A plane which bisects the angle between the two given planes $$2x - y + 2z - 4 = 0$$ and $$x + 2y + 2z - 2 = 0$$, passes through the point

We have two given planes

$$\Pi_1:\;2x-y+2z-4=0$$

$$\Pi_2:\;x+2y+2z-2=0$$

To find the planes which bisect the angle between them, we use the standard formula:

For planes $$A_1x+B_1y+C_1z+D_1=0$$ and $$A_2x+B_2y+C_2z+D_2=0$$, every angle-bisector plane is given by

$$\frac{A_1x+B_1y+C_1z+D_1}{\sqrt{A_1^{2}+B_1^{2}+C_1^{2}}}= \pm\frac{A_2x+B_2y+C_2z+D_2}{\sqrt{A_2^{2}+B_2^{2}+C_2^{2}}}.$$

First we calculate the magnitudes of the normals of the two planes.
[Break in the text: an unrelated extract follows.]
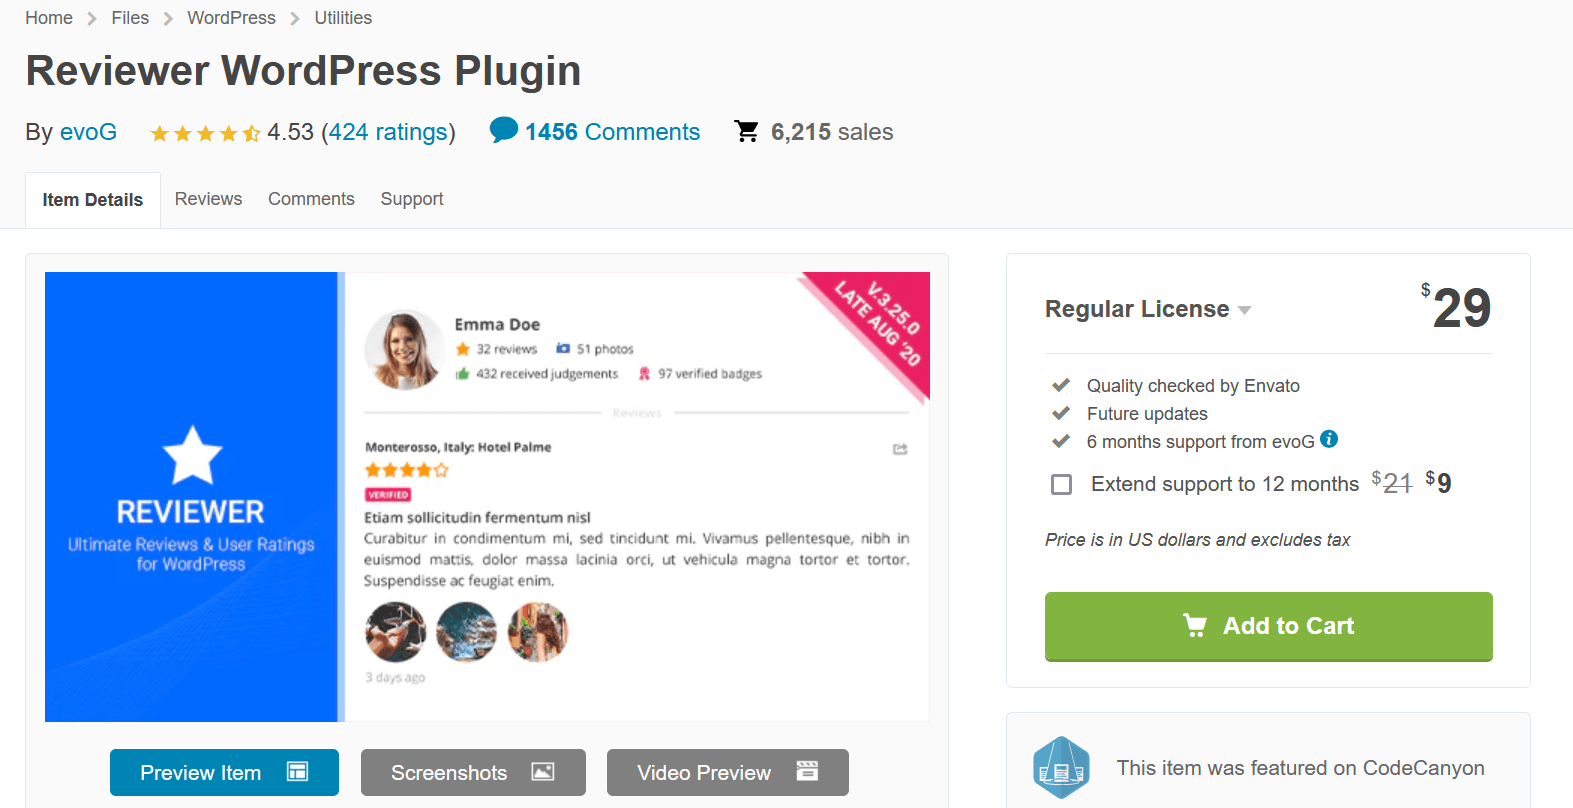 Reviewer WordPress Plugin ist ein lohnendes Premium-Plugin mit vielen Review-Funktionen

For $$\Pi_1$$ the normal vector is $$(2,-1,2)$$, whose length is

$$\sqrt{2^{2}+(-1)^{2}+2^{2}}=\sqrt{4+1+4}= \sqrt 9 = 3.$$

For $$\Pi_2$$ the normal vector is $$(1,2,2)$$, whose length is

$$\sqrt{1^{2}+2^{2}+2^{2}}=\sqrt{1+4+4}= \sqrt 9 = 3.$$

Because both magnitudes are the same, the factor $$\sqrt{A_1^{2}+B_1^{2}+C_1^{2}}$$ equals the factor $$\sqrt{A_2^{2}+B_2^{2}+C_2^{2}}$$, so the common denominator 3 cancels out. Hence the bisector condition simplifies to a direct equality (with the two possible signs):

$$2x-y+2z-4=\;\pm\;(x+2y+2z-2).$$

We consider the two choices of the sign separately.

Taking the positive sign

$$2x-y+2z-4 = x+2y+2z-2.$$

Subtract the right‐hand side from the left‐hand side term by term:

$$2x-y+2z-4 -x-2y-2z+2 = 0.$$

Combine like terms:

$$x -3y +0z -2 = 0,$$

so one bisector plane is

$$x-3y-2=0\qquad\text{or}\qquad x-3y=2. \quad -(1)$$

Taking the negative sign

$$2x-y+2z-4 = -(x+2y+2z-2).$$

This gives

$$2x-y+2z-4 = -x-2y-2z+2.$$

Bring all terms to the left side:

$$2x-y+2z-4 +x+2y+2z-2 = 0.$$

Combine like terms:

$$(2x+x) + (-y+2y) + (2z+2z) + (-4-2) = 0,$$

$$3x + y + 4z - 6 = 0,$$

so the other bisector plane is

$$3x+y+4z-6=0. \quad -(2)$$

Thus the two angle-bisecting planes are (1) and (2).

Now we test each option to see which point satisfies at least one of these equations.

Option A: $$(2,4,1)$$

Substitute into (1): $$2-3(4)-2 = 2-12-2 = -12 \neq 0.$$

Substitute into (2): $$3(2)+4+4(1)-6 = 6+4+4-6 = 8 \neq 0.$$

So (2,4,1) is on neither bisector.

Option B: $$(1,-4,1)$$

(1): $$1-3(-4)-2 = 1+12-2 = 11 \neq 0.$$

(2): $$3(1)+(-4)+4(1)-6 = 3-4+4-6 = -3 \neq 0.$$

So (1,-4,1) is on neither bisector.

Option C: $$(1,4,-1)$$

(1): $$1-3(4)-2 = 1-12-2 = -13 \neq 0.$$

(2): $$3(1)+4+4(-1)-6 = 3+4-4-6 = -3 \neq 0.$$

So (1,4,-1) is on neither bisector.

Option D: $$(2,-4,1)$$

(1): $$2-3(-4)-2 = 2+12-2 = 12 \neq 0.$$

(2): $$3(2)+(-4)+4(1)-6 = 6-4+4-6 = 0.$$

This point satisfies equation (2) exactly, so it lies on one of the angle-bisector planes.

Therefore the only point through which a plane bisecting the angle between the two given planes passes is $$(2,-4,1).$$

Hence, the correct answer is Option 4.